As a pulmonary critical care specialist, my brother was already taking care of the very sick, usually those in the cardiac ICU. Lungs and impediments to breathing are his area of expertise. So when I checked in with him a couple of weeks ago, I wasn’t surprised to learn that he’d signed on to the “bio containment unit” at his hospital. In the space of 8 days, his texts went from “Cases will be everywhere. We have a couple already” to “Steadily getting worse. Don’t ask.” I gave it a few days, but when I read that cases had spiked in Maryland over the weekend, I had to ask. He texted back: “Our medical ICU is full of COVID patients so we are converting other units to full COVID units.” When I ask if they had enough PPE (personal protective equipment), he wrote, “We have not run out of PPEs but we just have to reuse them! Nursing home just tested 66 positive patients. Baltimore converted its convention center to house non critical patients. It is getting crazy.” Then he sent me a photo of himself in full PPE gear, waving a gloved hand at the camera.

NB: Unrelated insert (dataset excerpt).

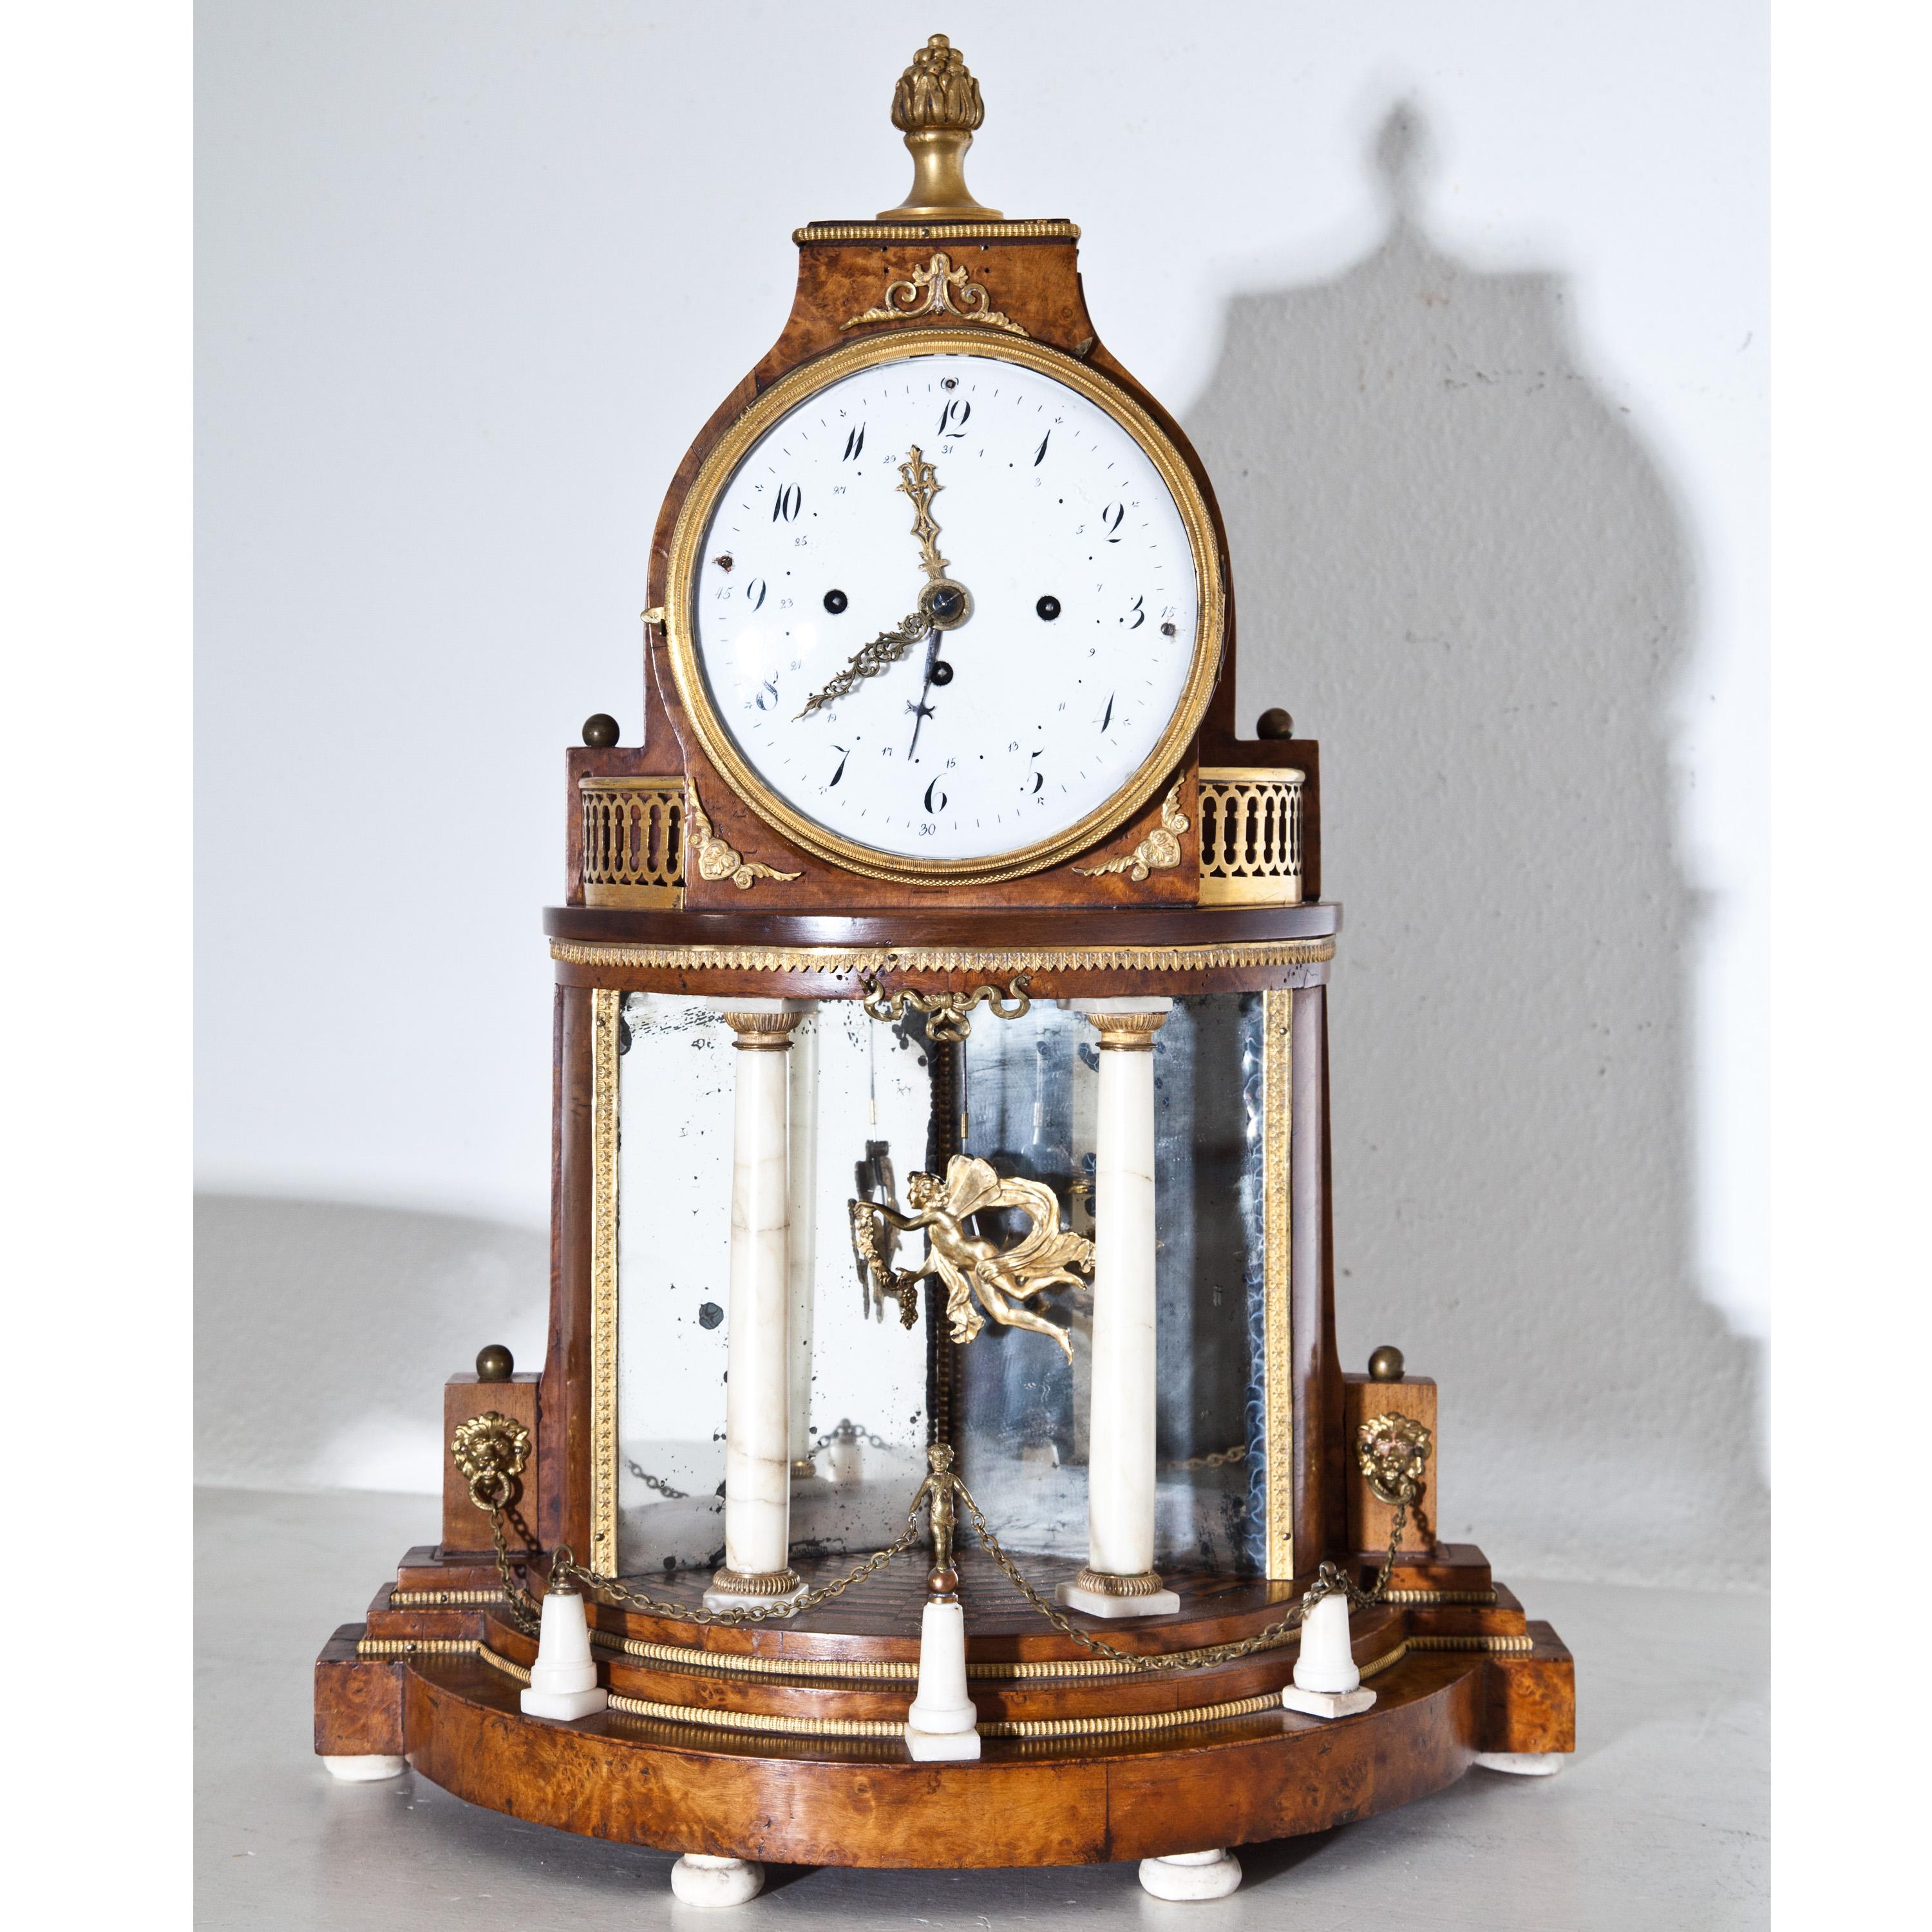 Biedermeier portal clock in an architecturally structured walnut case with alabaster columns, bronze fittings and mirrored rear wall. The clockwork with date and sound spiral. Pendulum in the shape of a winged putto.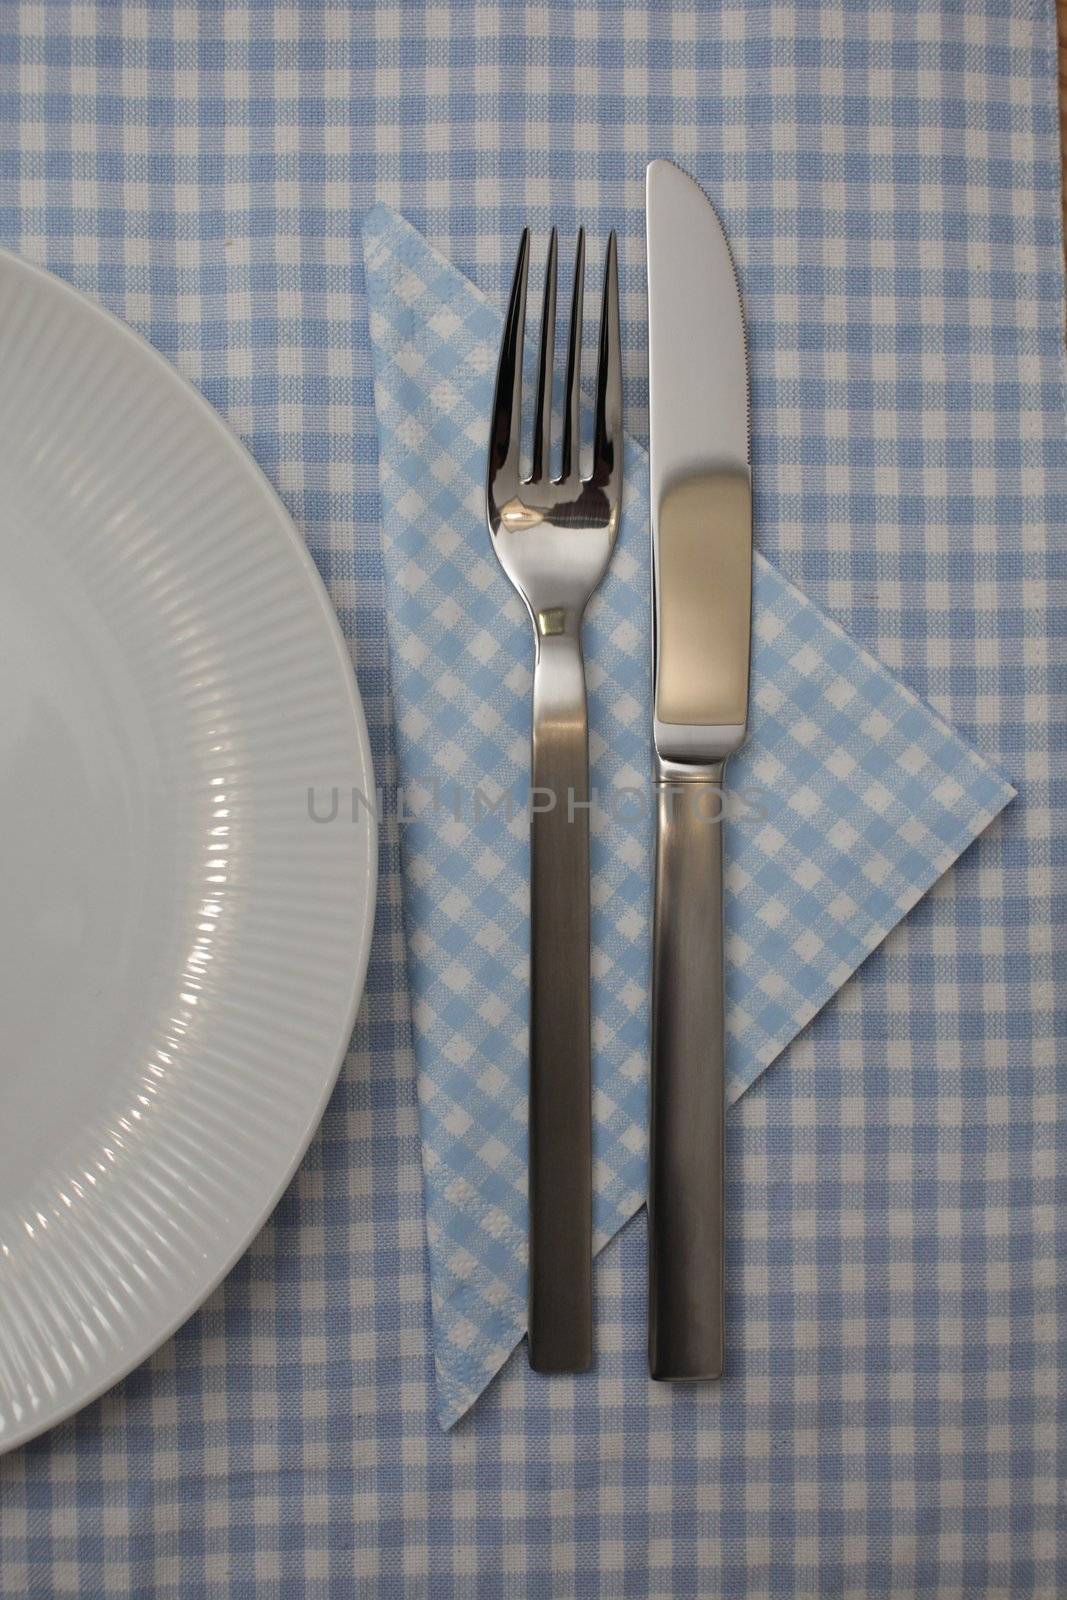 knife fork and a white plate on a wooden background

I am full of pride and fear. And disbelief, anger, anticipatory grief. . . Reuse? How many times? Is he and everyone around him taking every precaution? When will this be over for him? I am an atheist sending up silent pleas to the universe, “please don’t let Baltimore get as bad as New York; please keep him safe.”
In this moment when we need to act collectively for the collective good, I worry that Americans are not quite up to the task, our polity too divided, our social infrastructures too fragile to withstand both the virus and the measures needed to contain it. But we have to keep trying anyway. Because what is the alternative?
We were all supposed to gather at my mother’s place in Massachusetts in August. I’m imagining a future where that can still happen and I can hug my brother.